In your second example, i am pretty sure you are trying to simulate the use of an associated array, which essentially is adding properties to an object. Remember associated arrays enable you to use strings as a key. So in other terms, you are adding a property to the object. So in your example:
b["key1"] = {"string1":"string","string2":"string"};
this really means:
b.key1 = {"string1":"string","string2":"string"};
Initializing b =[] simply creates an array, but your assignment doesn't populate the array. It simply gives "b" extra properties.
length returns 1 + the largest integer key in the object.
In a the largest key is 2 so 1+2 is 3.
In b there are no integer keys (the keys there are key1 and key2 which cannot be converted into ints) so Javascript assumes that the largest key is -1, and 1 + -1 yields 0.

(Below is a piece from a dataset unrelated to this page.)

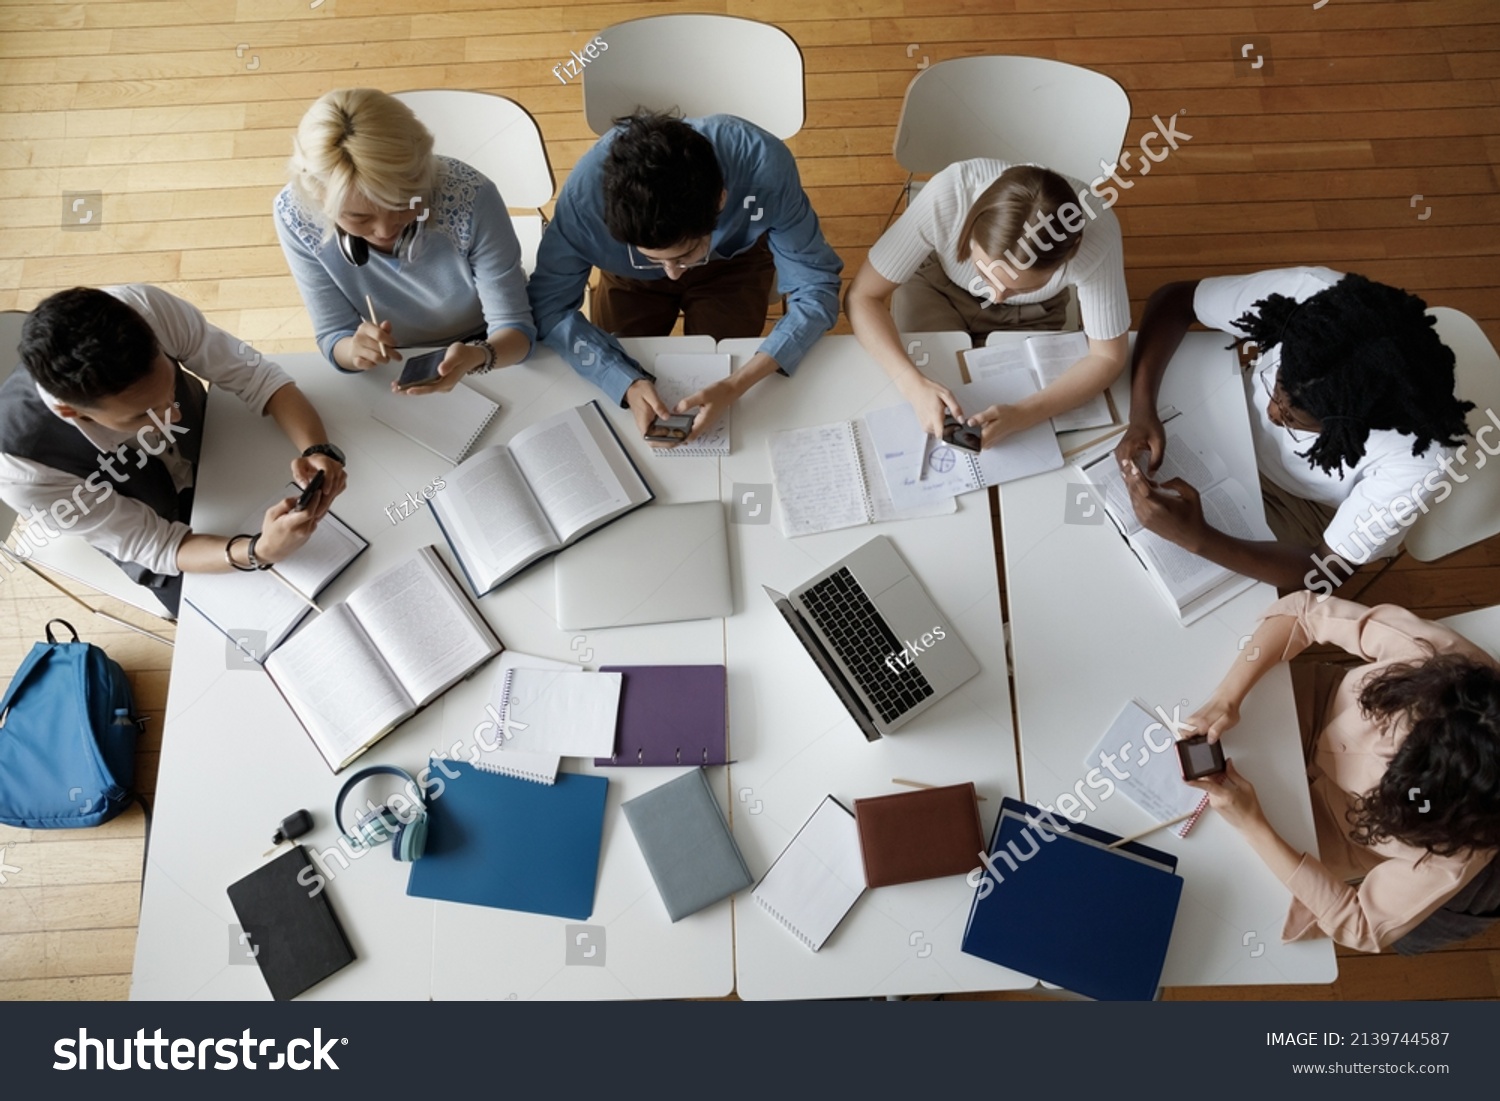 Overhead view group of multi ethnic students use smartphones sit at shared table in classroom. Mobile application usage at break, young gen Z modern wireless tech overuse, bad habit, lifestyle concept #2139744587

This program will help you see that:
a = [];
a["1"] = {};
a["4"] = {};
alert(a.length); // Prints 5
From the ECMAScript standard, ECMA-262, 5th ed.
15.4.5.2 length
The length property of this Array object is a data property whose value is always numerically greater than the name of every deletable property whose name is an array index.
Note the length property of an array only takes into account array indices, which are integers; setting other properties doesn't affect length.
For an array, a["3"] is equivalent to a[3] (this behavior is specified by ยง 15.4.5.1); 3 is an array index rather than a property. Thus setting a["3"] affects the array's length. b["key1"] is equivalent to b.key1. Setting properties don't affect the length of a collection.